### Study material
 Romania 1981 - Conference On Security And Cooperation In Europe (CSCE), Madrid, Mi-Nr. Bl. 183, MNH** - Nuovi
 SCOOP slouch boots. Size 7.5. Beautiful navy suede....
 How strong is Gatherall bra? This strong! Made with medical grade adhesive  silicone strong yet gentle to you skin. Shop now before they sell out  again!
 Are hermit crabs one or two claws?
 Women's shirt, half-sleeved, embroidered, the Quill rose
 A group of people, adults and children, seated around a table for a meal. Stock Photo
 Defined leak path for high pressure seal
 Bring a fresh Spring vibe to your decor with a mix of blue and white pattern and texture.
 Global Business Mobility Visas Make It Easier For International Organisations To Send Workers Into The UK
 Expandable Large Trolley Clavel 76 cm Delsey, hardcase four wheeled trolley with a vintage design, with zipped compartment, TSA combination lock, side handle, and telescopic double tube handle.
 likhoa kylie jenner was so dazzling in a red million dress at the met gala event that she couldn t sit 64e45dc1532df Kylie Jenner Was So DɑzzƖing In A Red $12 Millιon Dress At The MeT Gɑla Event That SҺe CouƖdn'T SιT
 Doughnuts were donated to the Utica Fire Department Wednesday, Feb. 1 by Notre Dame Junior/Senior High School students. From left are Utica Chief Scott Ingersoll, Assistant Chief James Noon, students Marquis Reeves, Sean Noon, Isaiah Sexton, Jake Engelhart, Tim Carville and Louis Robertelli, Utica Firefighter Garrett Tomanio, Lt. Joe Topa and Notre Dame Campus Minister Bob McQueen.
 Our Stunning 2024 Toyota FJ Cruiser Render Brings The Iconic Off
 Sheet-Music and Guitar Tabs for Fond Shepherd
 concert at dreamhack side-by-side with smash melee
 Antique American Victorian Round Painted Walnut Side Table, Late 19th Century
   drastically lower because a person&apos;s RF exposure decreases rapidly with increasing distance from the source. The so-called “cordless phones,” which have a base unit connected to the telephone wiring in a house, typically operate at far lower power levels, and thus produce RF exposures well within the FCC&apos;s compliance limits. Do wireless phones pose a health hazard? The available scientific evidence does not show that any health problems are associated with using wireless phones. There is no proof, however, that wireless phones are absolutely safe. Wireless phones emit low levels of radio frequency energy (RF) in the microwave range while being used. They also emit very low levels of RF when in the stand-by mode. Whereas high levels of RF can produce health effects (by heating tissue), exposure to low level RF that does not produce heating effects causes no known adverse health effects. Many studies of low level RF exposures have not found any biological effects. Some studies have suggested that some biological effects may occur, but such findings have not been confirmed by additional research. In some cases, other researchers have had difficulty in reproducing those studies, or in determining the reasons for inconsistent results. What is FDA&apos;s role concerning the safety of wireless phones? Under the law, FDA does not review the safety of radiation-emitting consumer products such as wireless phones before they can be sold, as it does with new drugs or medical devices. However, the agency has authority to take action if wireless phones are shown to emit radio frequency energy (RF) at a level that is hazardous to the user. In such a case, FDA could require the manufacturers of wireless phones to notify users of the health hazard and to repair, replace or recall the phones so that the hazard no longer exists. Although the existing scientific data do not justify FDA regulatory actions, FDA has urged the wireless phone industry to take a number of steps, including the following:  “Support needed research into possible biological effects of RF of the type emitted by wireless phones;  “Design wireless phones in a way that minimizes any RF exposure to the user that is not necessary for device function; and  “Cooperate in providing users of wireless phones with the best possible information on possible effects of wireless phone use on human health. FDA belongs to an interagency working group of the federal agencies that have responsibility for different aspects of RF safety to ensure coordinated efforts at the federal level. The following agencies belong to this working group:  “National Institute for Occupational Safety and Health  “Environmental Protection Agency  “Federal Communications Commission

### Activity
Using the data above, reproduce exactly the lines from the line that contains "Bring a fresh" through the line that contains "Antique American Victorian", including both.

### Result for this task
 Bring a fresh Spring vibe to your decor with a mix of blue and white pattern and texture.
 Global Business Mobility Visas Make It Easier For International Organisations To Send Workers Into The UK
 Expandable Large Trolley Clavel 76 cm Delsey, hardcase four wheeled trolley with a vintage design, with zipped compartment, TSA combination lock, side handle, and telescopic double tube handle.
 likhoa kylie jenner was so dazzling in a red million dress at the met gala event that she couldn t sit 64e45dc1532df Kylie Jenner Was So DɑzzƖing In A Red $12 Millιon Dress At The MeT Gɑla Event That SҺe CouƖdn'T SιT
 Doughnuts were donated to the Utica Fire Department Wednesday, Feb. 1 by Notre Dame Junior/Senior High School students. From left are Utica Chief Scott Ingersoll, Assistant Chief James Noon, students Marquis Reeves, Sean Noon, Isaiah Sexton, Jake Engelhart, Tim Carville and Louis Robertelli, Utica Firefighter Garrett Tomanio, Lt. Joe Topa and Notre Dame Campus Minister Bob McQueen.
 Our Stunning 2024 Toyota FJ Cruiser Render Brings The Iconic Off
 Sheet-Music and Guitar Tabs for Fond Shepherd
 concert at dreamhack side-by-side with smash melee
 Antique American Victorian Round Painted Walnut Side Table, Late 19th Century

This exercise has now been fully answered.